Somewhat different situation, but after having quit one a Silicon Valley startup after its acquisition, I still have access to a lot of its network. I'm sure it's a common occurrence. Shutting people completely out of a network is really hard, where there are so many different accounts to close. (Unix access on all boxes, mysql, cms, email, bug-tracking, apple dev accts, irc, support forums, etc. etc.) Especially doing so without deleting data (which you might need in the future, to check on something that the employee worked on, or an old email containing documentation, etc…)
Rather, I think the issue is the lack of a good backup strategy.
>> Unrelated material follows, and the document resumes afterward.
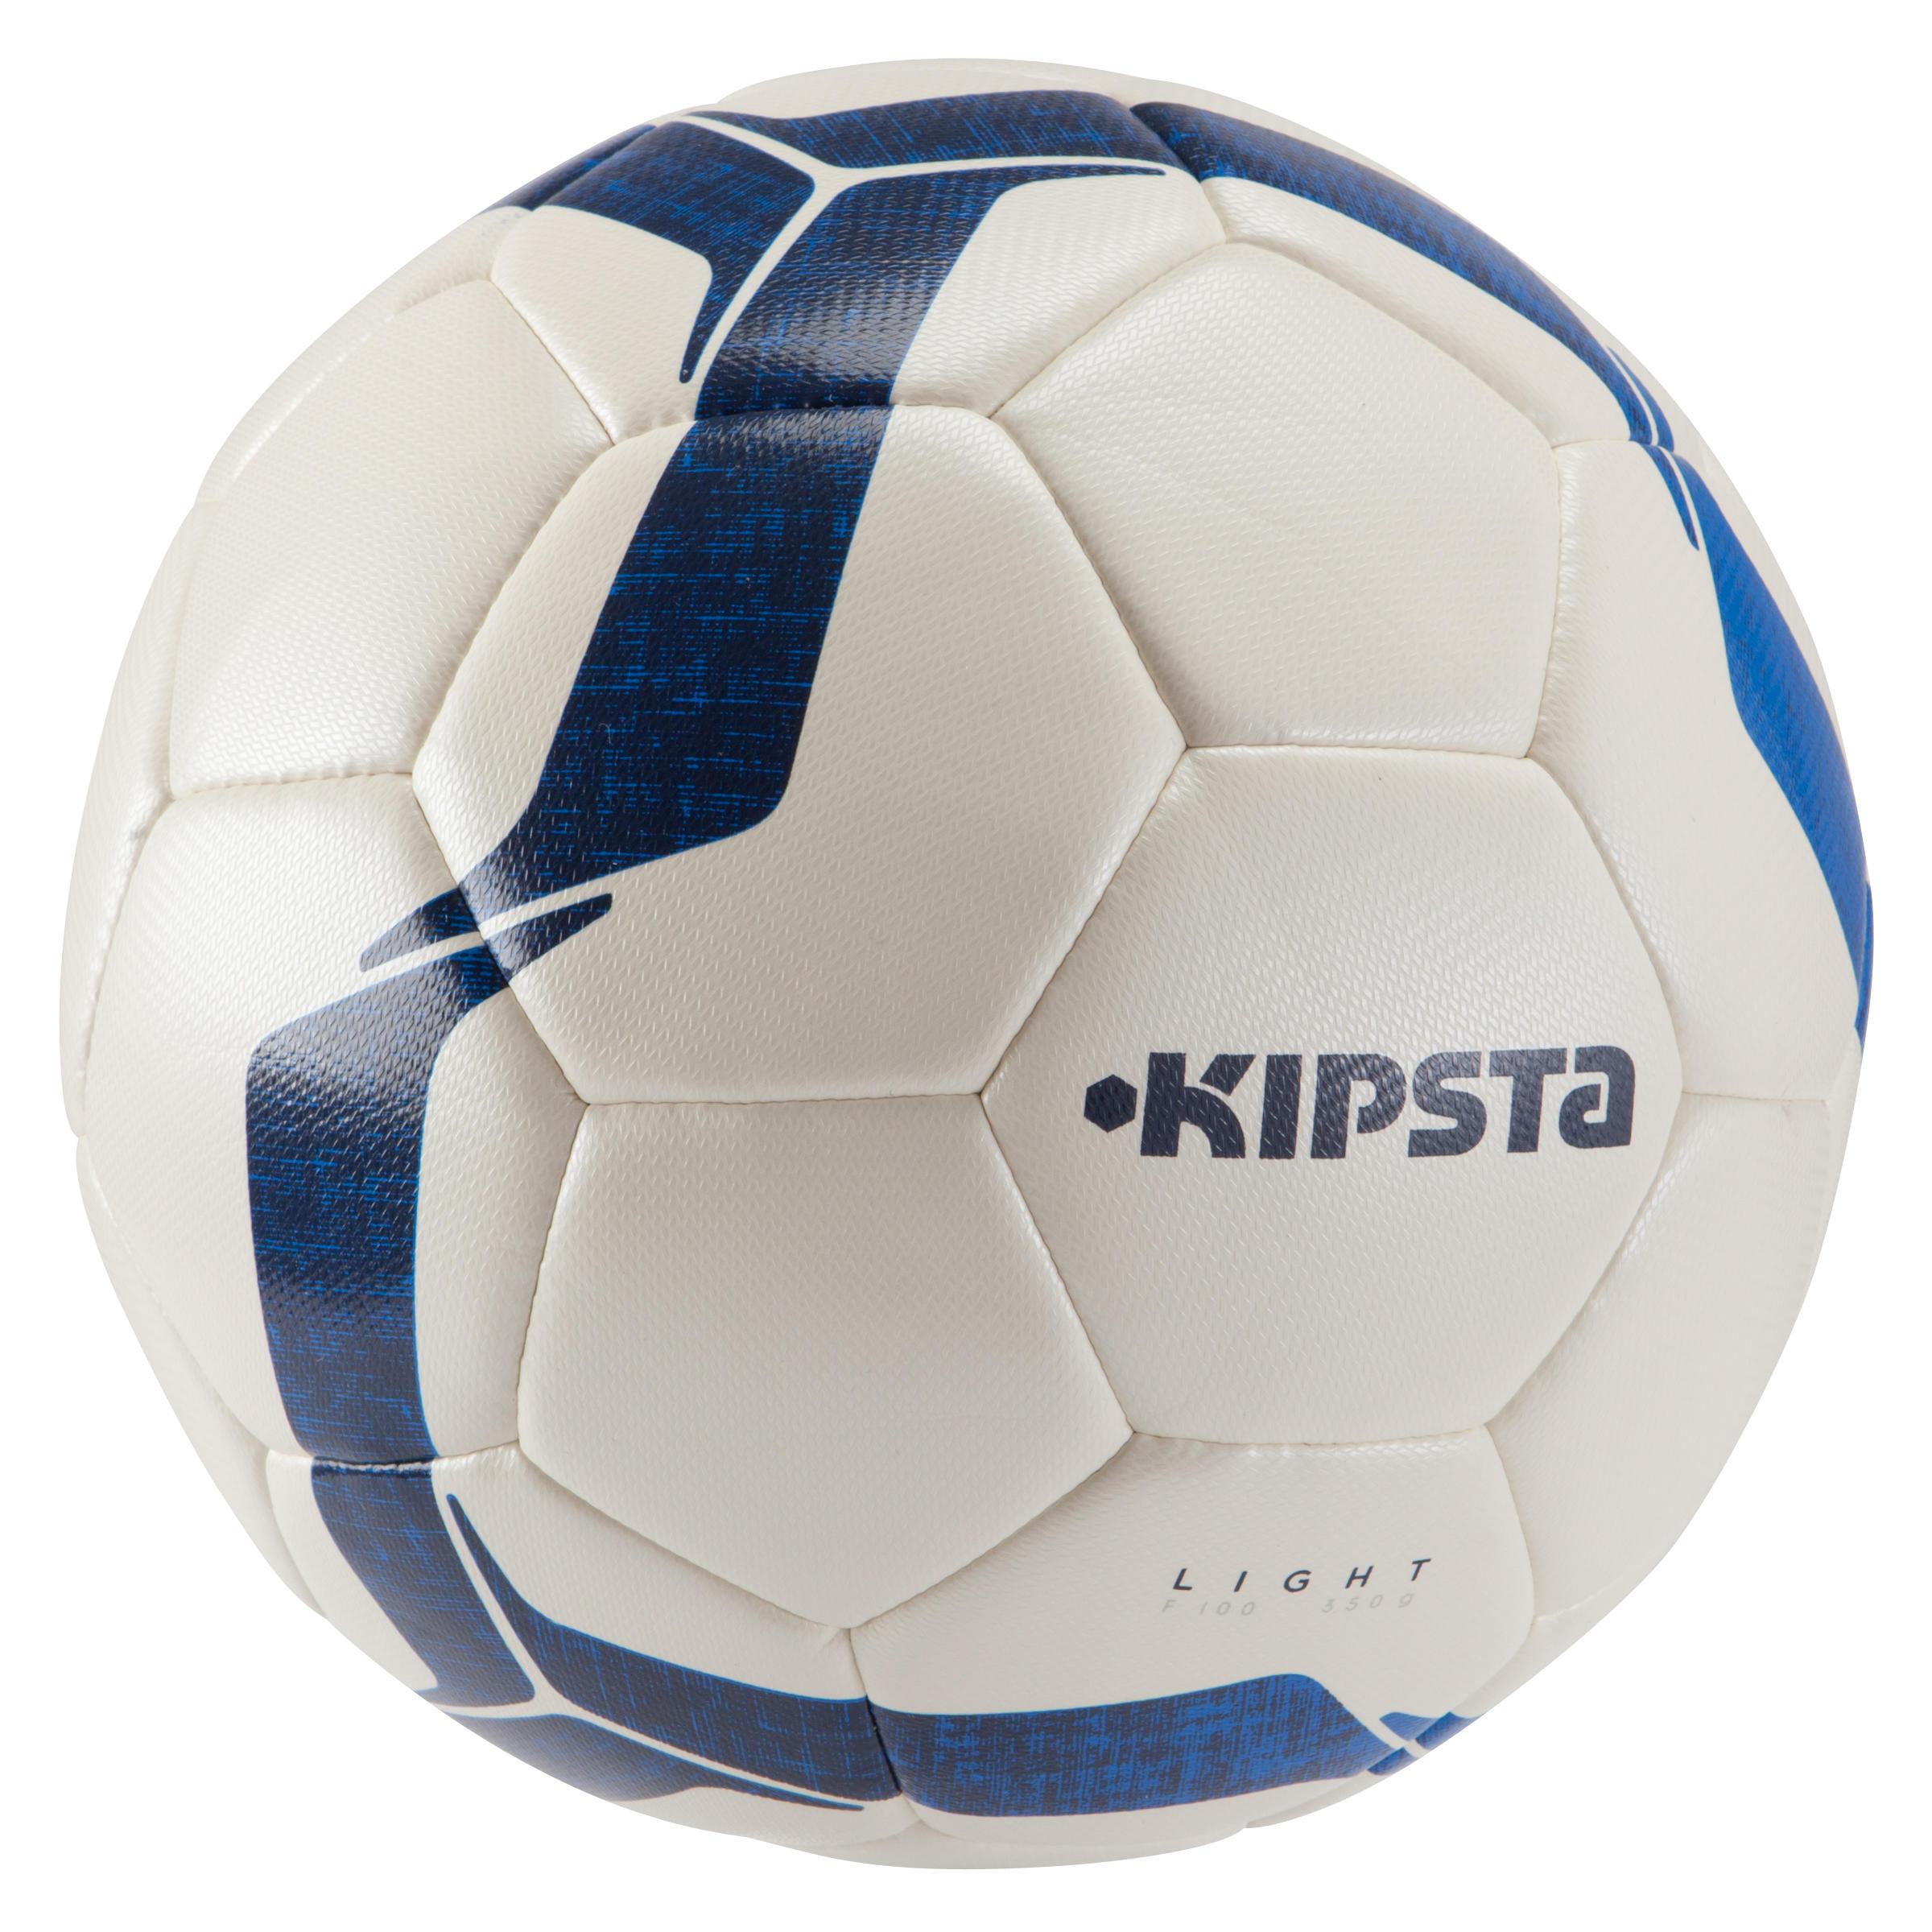 Ballon de soccer F100 hybride light taille 5 ivoire

Off-site, automated backups should have been in place. I've seen someone `rm -rf /var/mysql` and, after a heart attack, recover it. Your system should be rm-proof!
You may want to find a way of notifying them without alerting them it's you. Otherwise if something goes awry down the road and one of your accounts is involved (say an old username that gets brute-forced), you don't get something pinned on you.
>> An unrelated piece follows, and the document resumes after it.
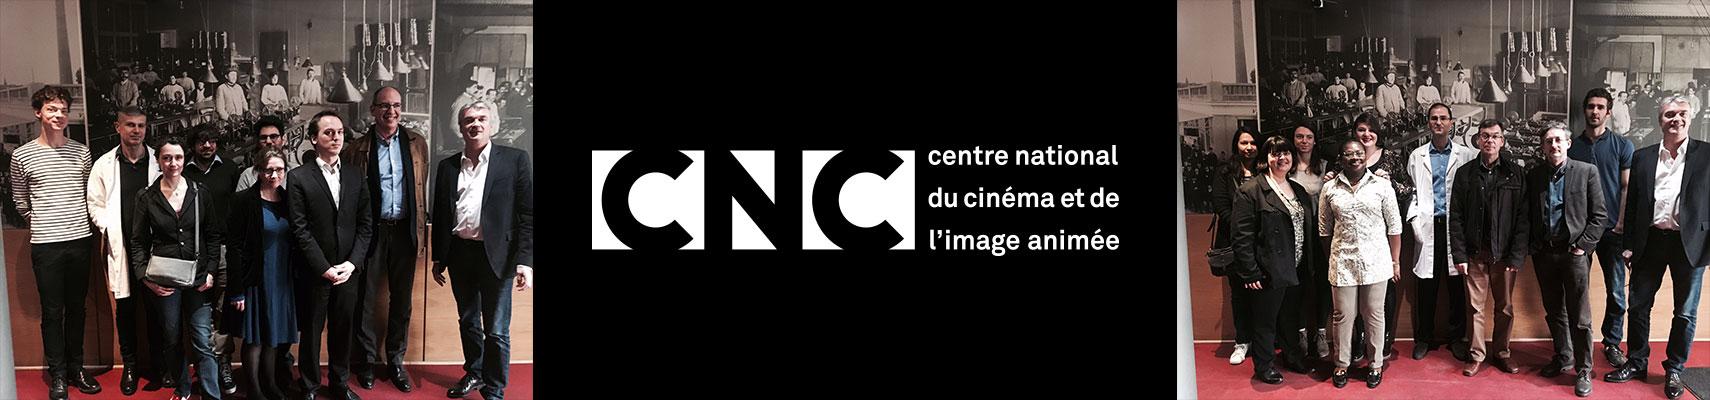 actu_cnc
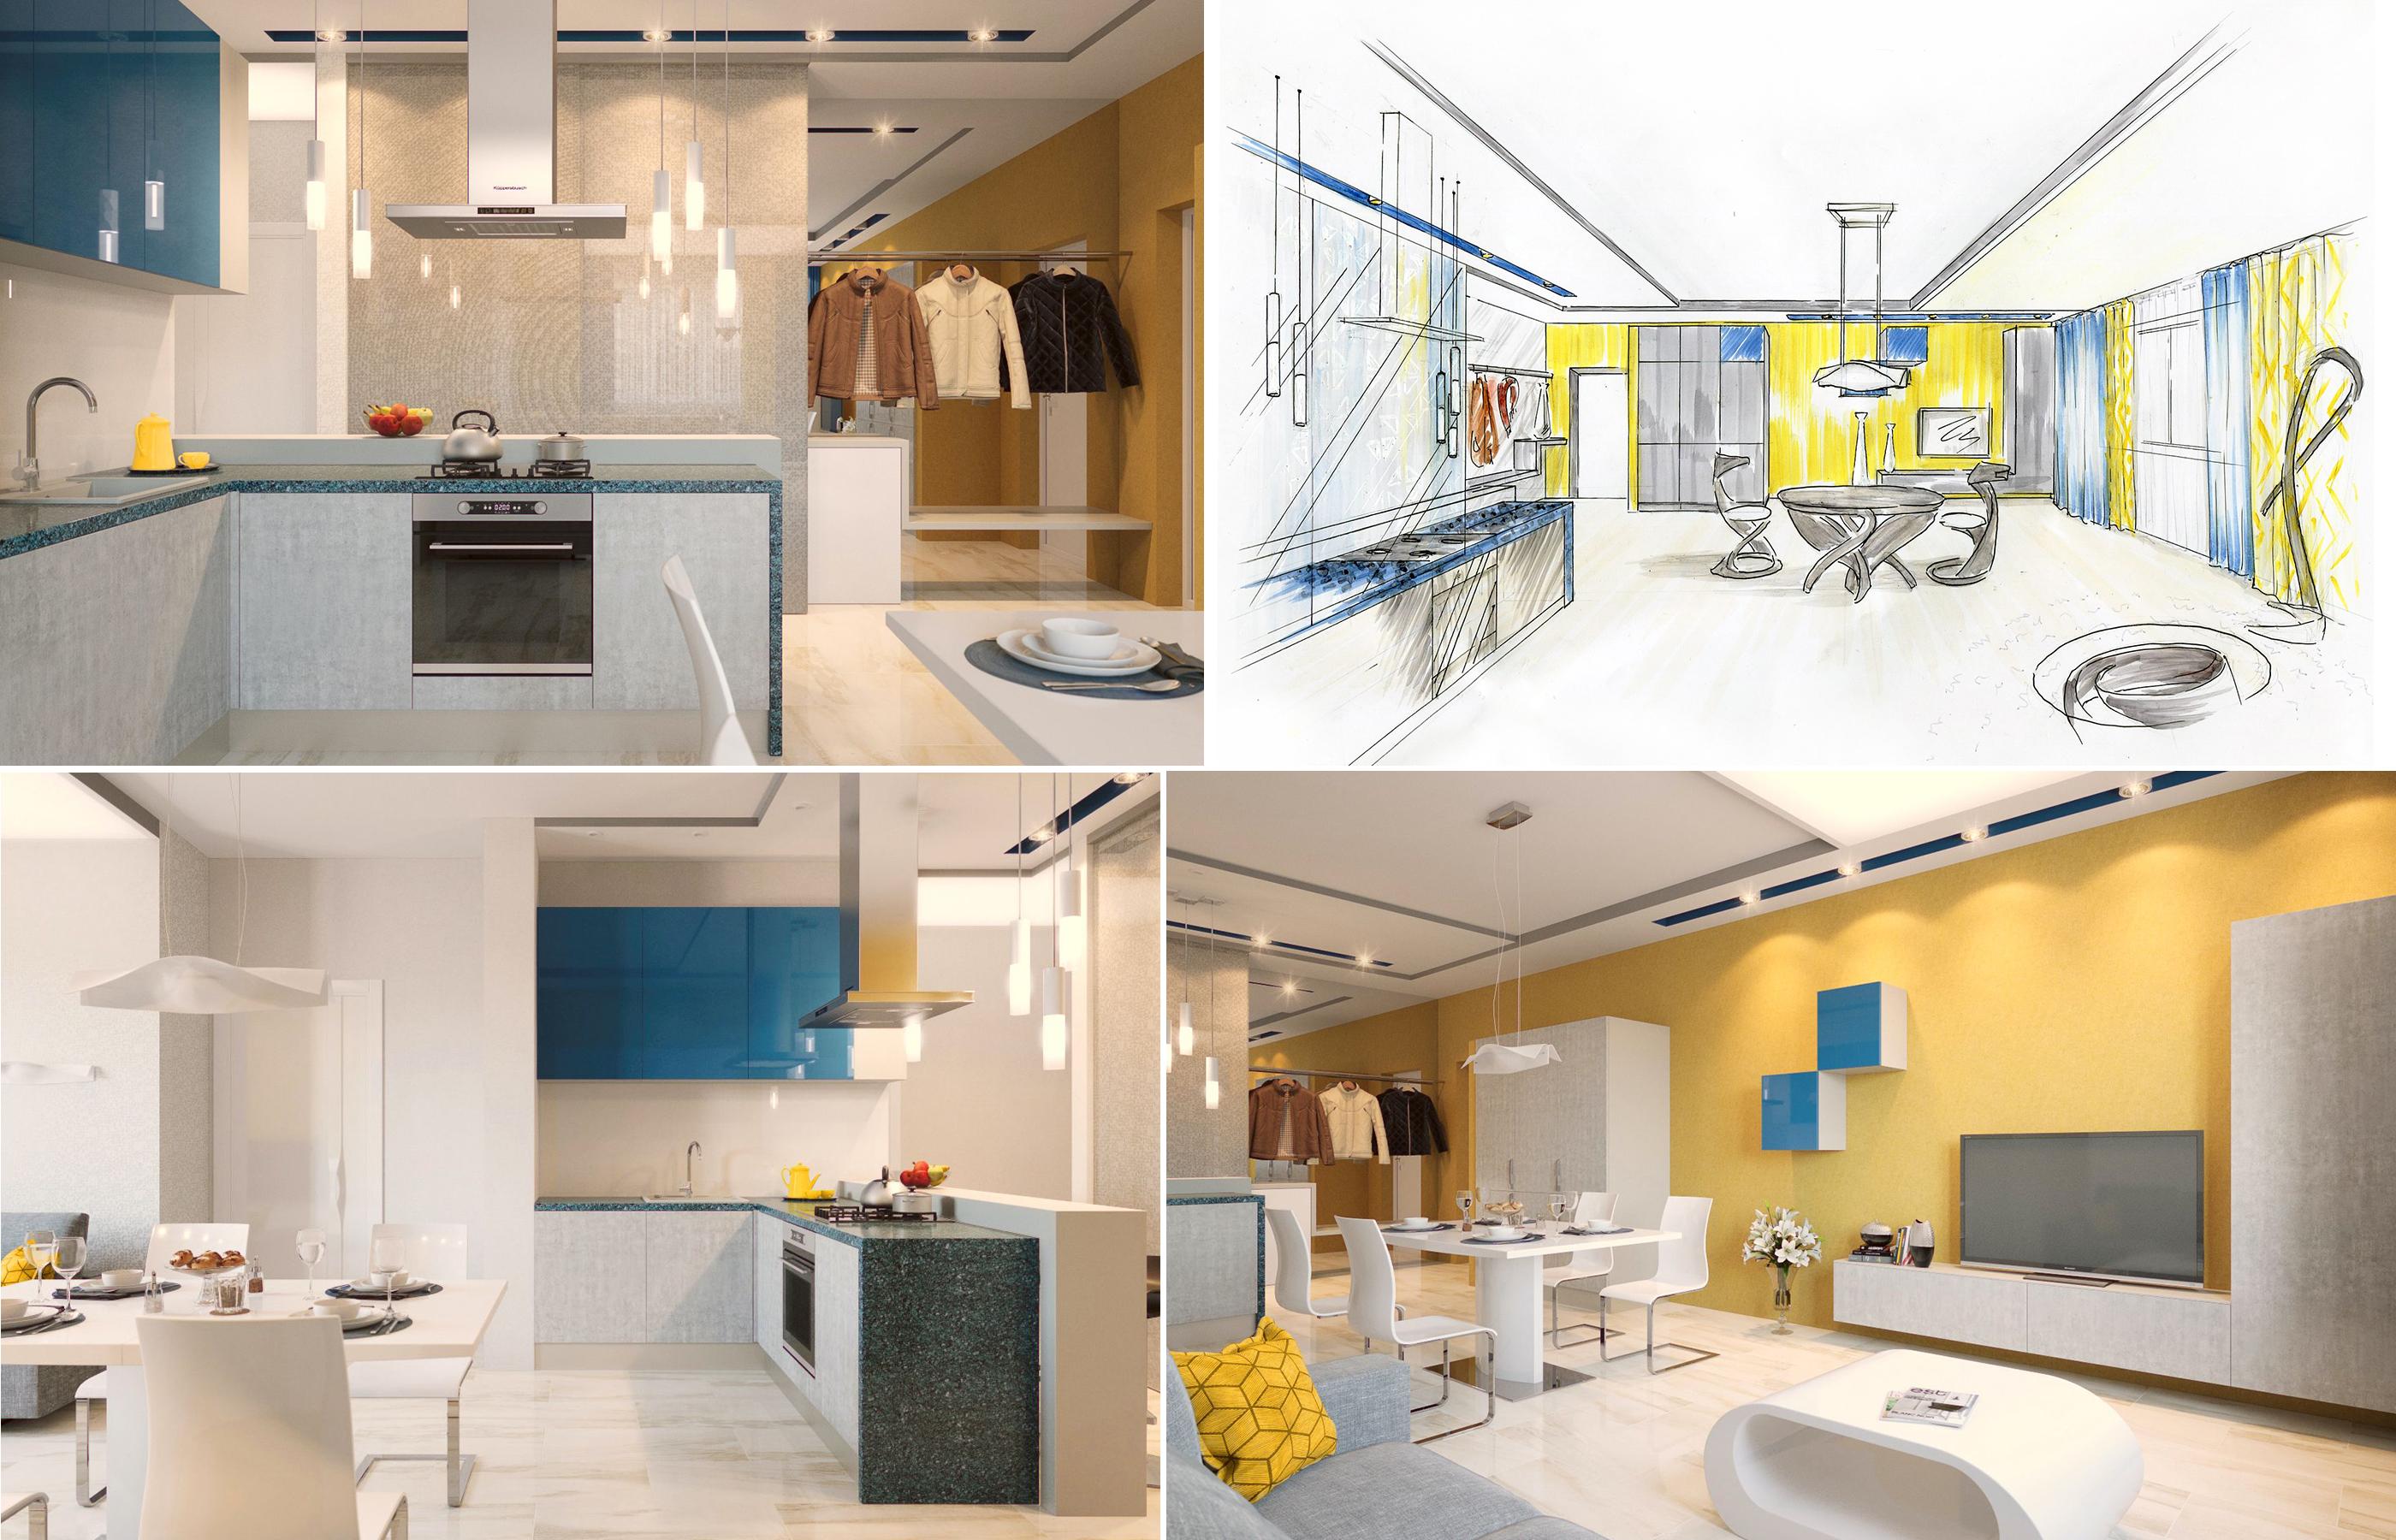 Проект дизайна интерьера гостиной в желто-синей цветовой гамме

1. Don't use per-machine unix accounts. Use something like NIS or LDAP. Now you can easily disable someone's account on all boxes. THe bonus is that their home directories still stick around (though you can't use aliases like ~username to access them).
2. Use an email system where you can disable a user without deleting all of their emails.
Rather, I think the issue is the lack of a good backup strategy. Off-site, automated backups should have been in place. I've seen someone `rm -rf /var/mysql` and, after a heart attack, recover it. Your system should be rm-proof!